*Data shown:*
========================

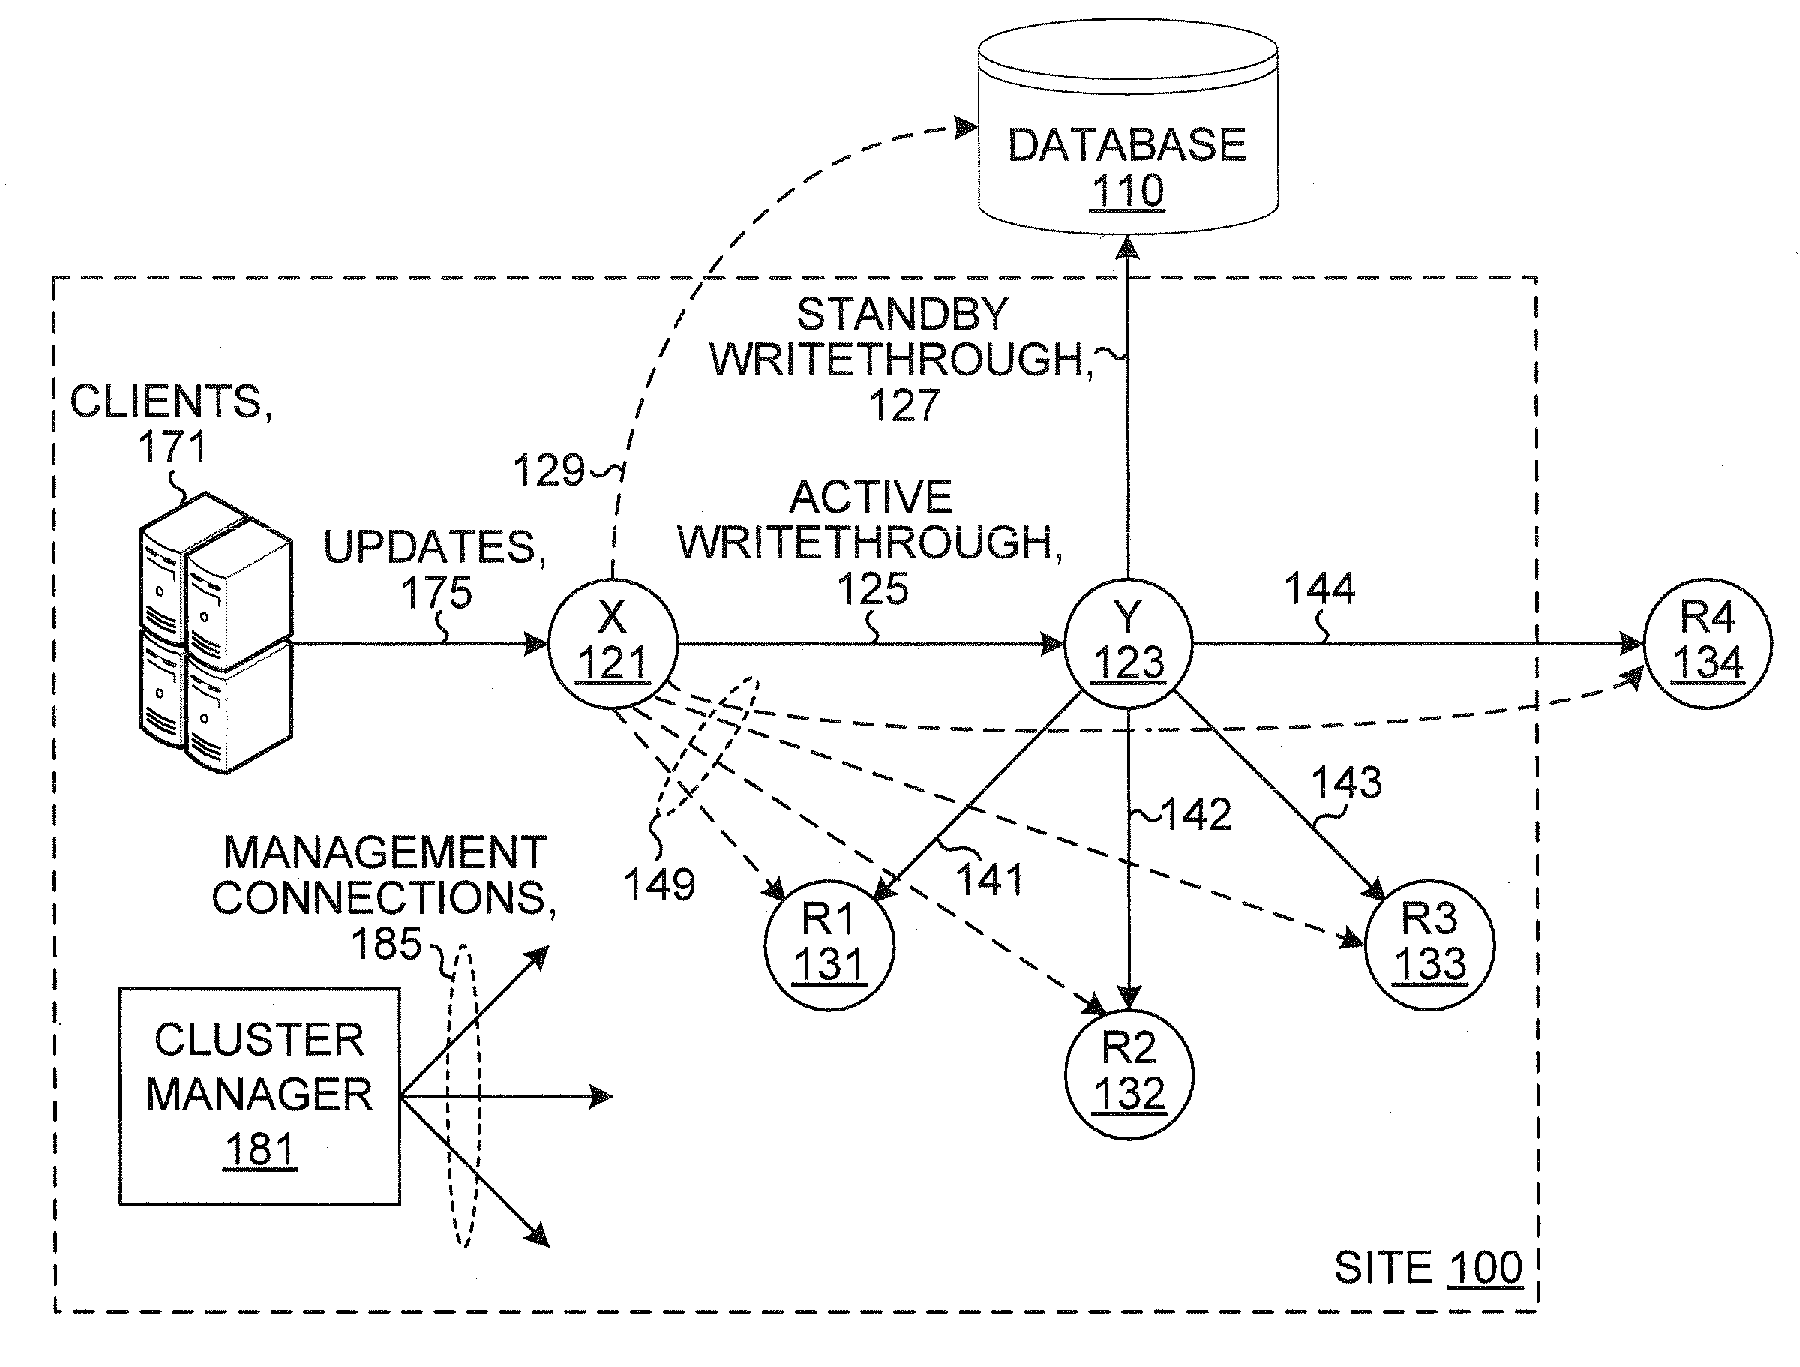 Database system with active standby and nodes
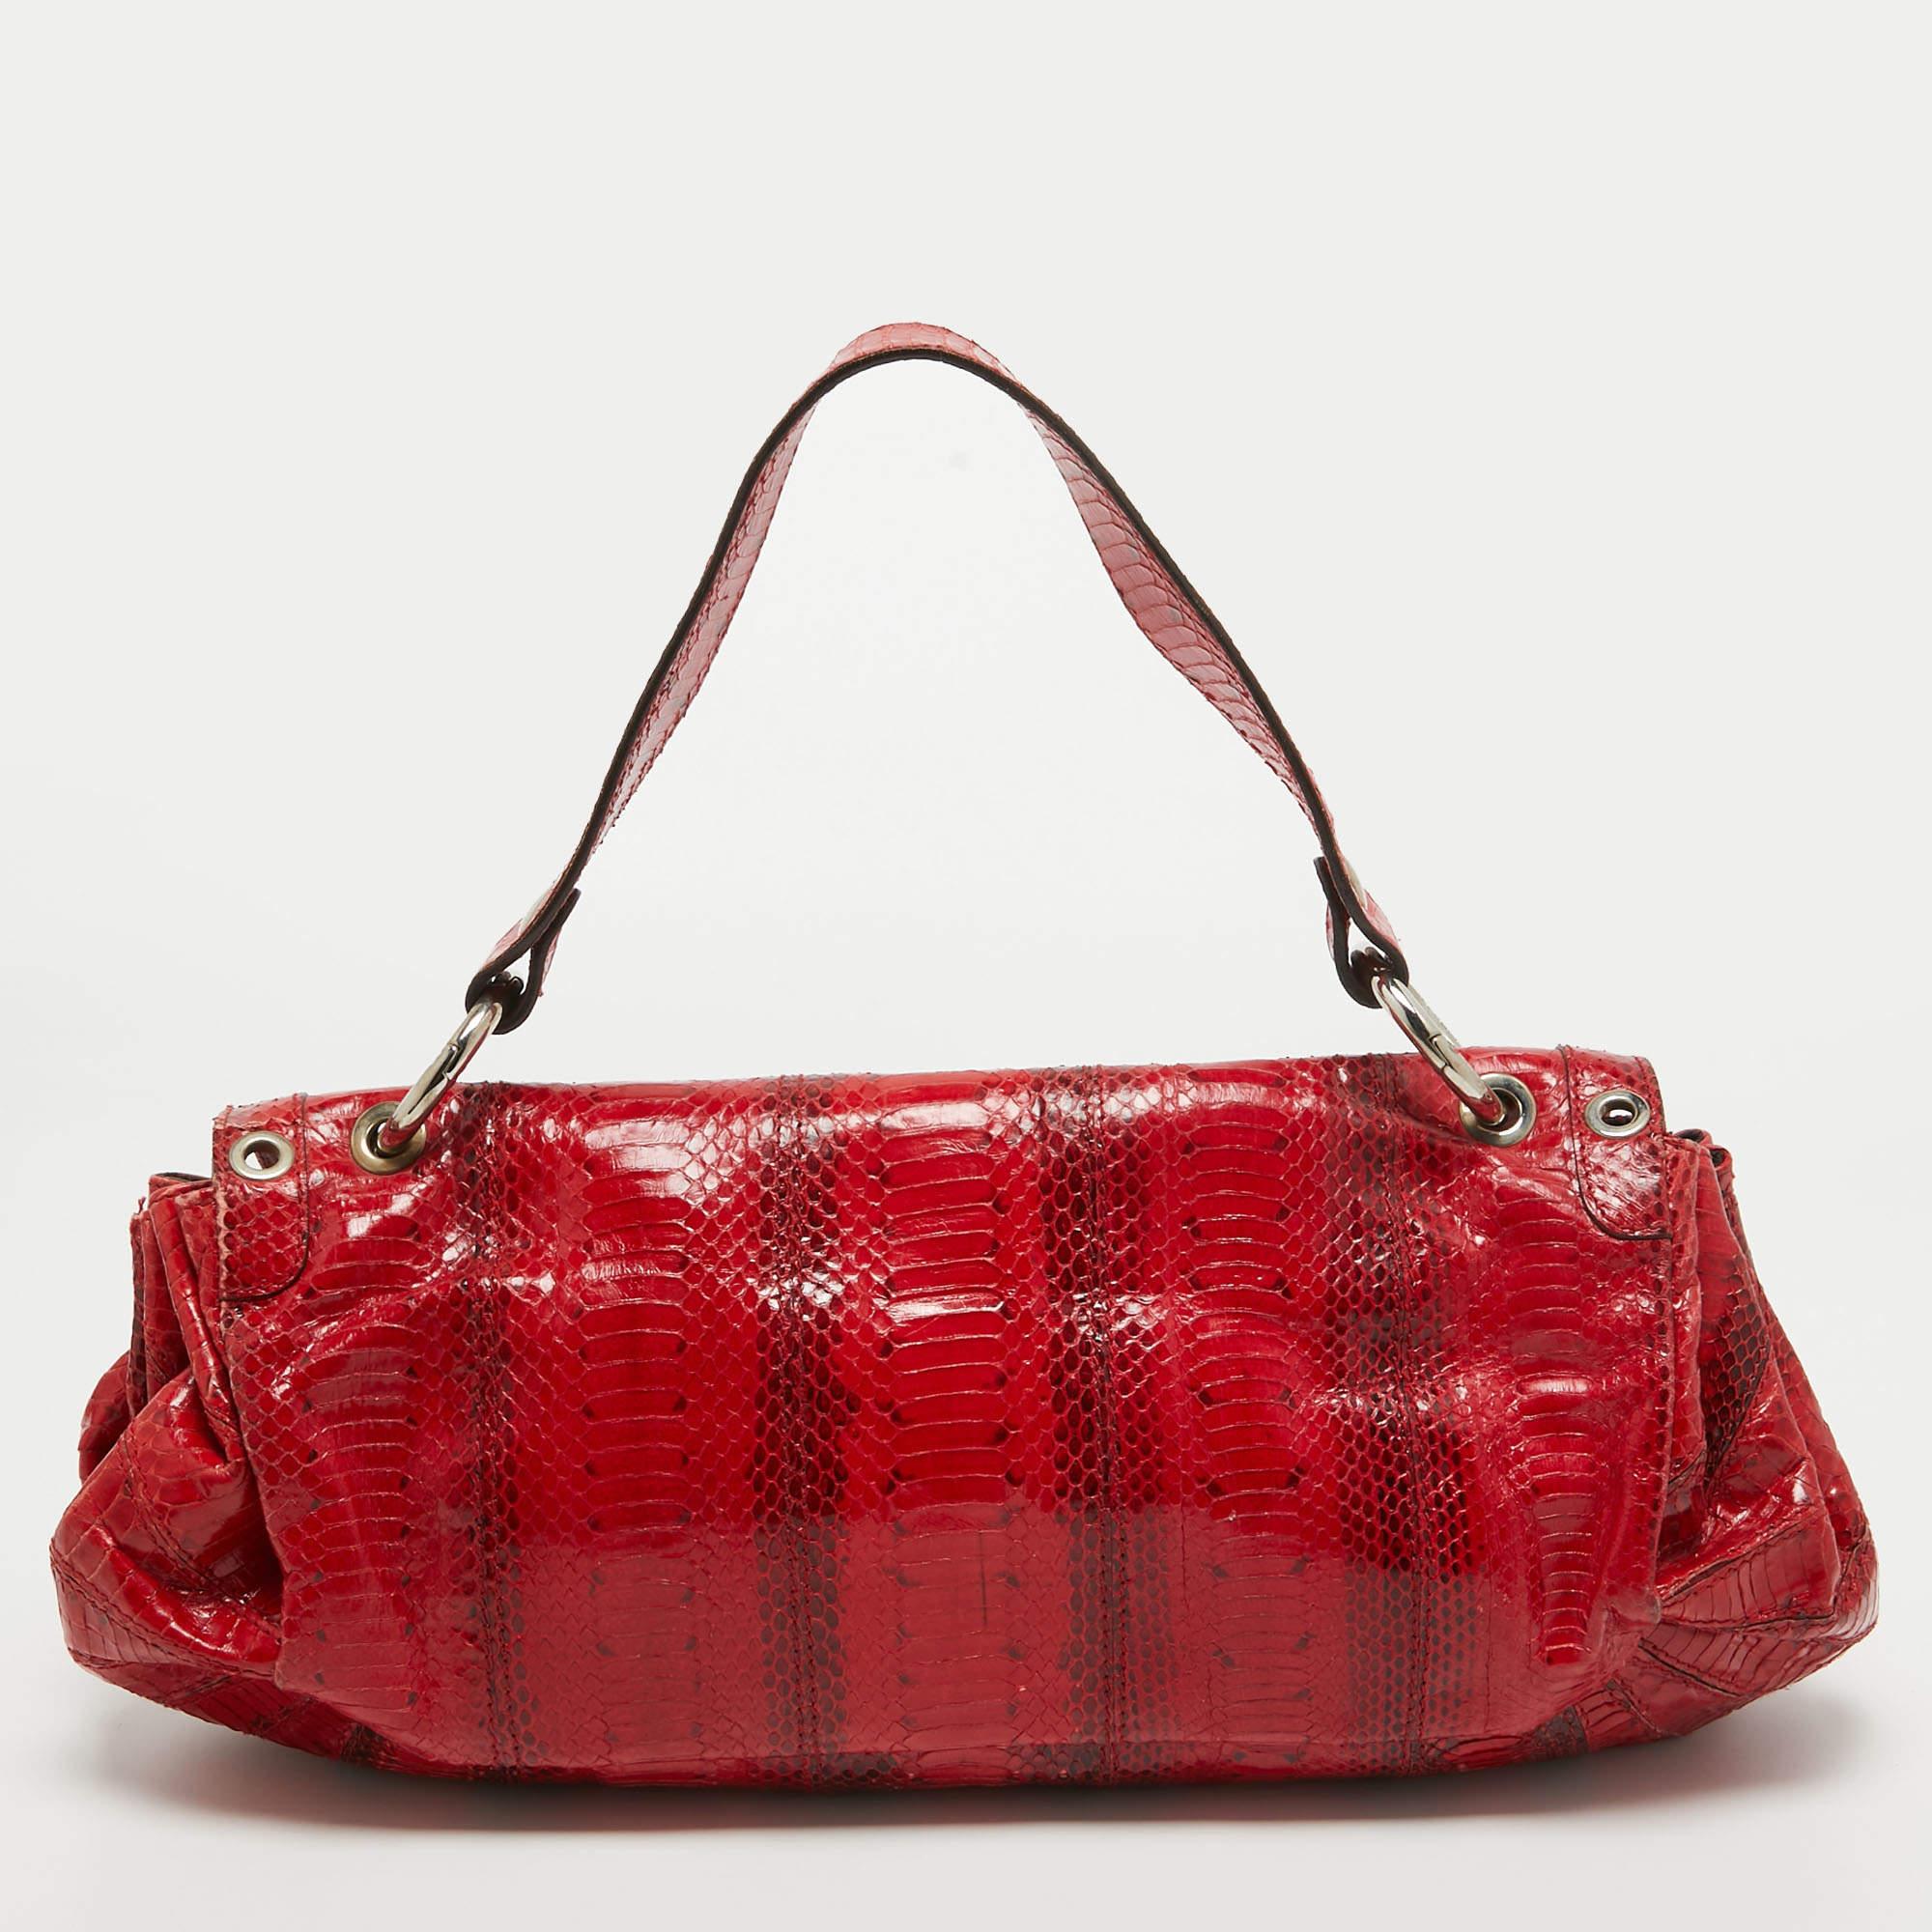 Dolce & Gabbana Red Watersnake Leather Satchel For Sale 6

========================

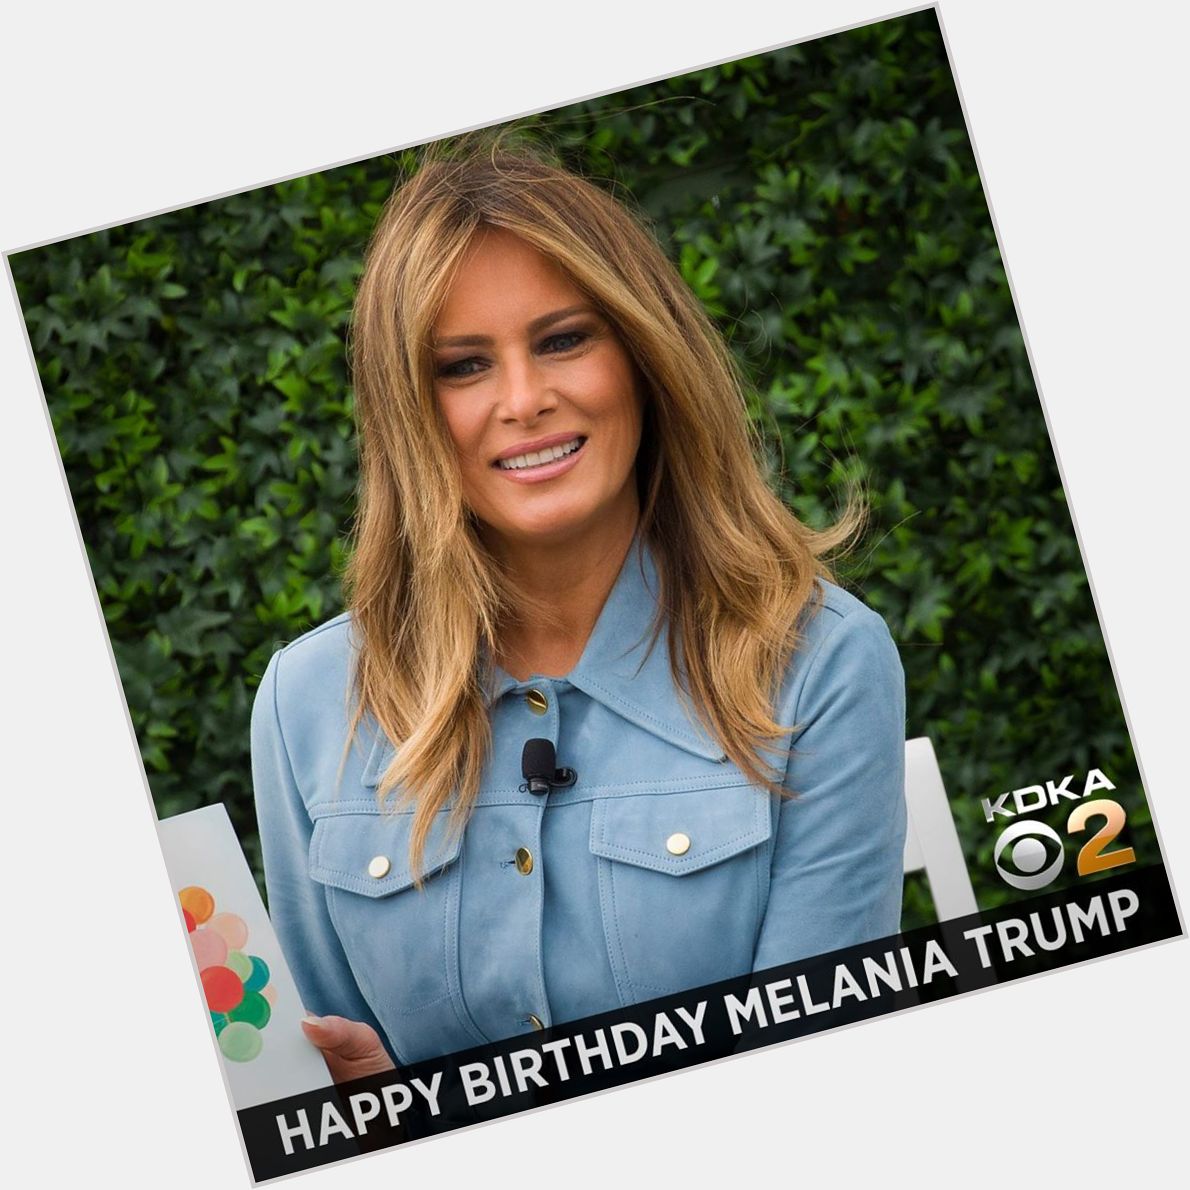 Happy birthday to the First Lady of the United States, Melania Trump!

========================

*What you have to do:* Nothing outside the stretch above, from the line with "Database system with" through the line with "Dolce & Gabbana", is set down. Transcribe that stretch exactly, ends included, but not its pictures.

*Result below:*
 Database system with active standby and nodes
 Dolce & Gabbana Red Watersnake Leather Satchel For Sale 6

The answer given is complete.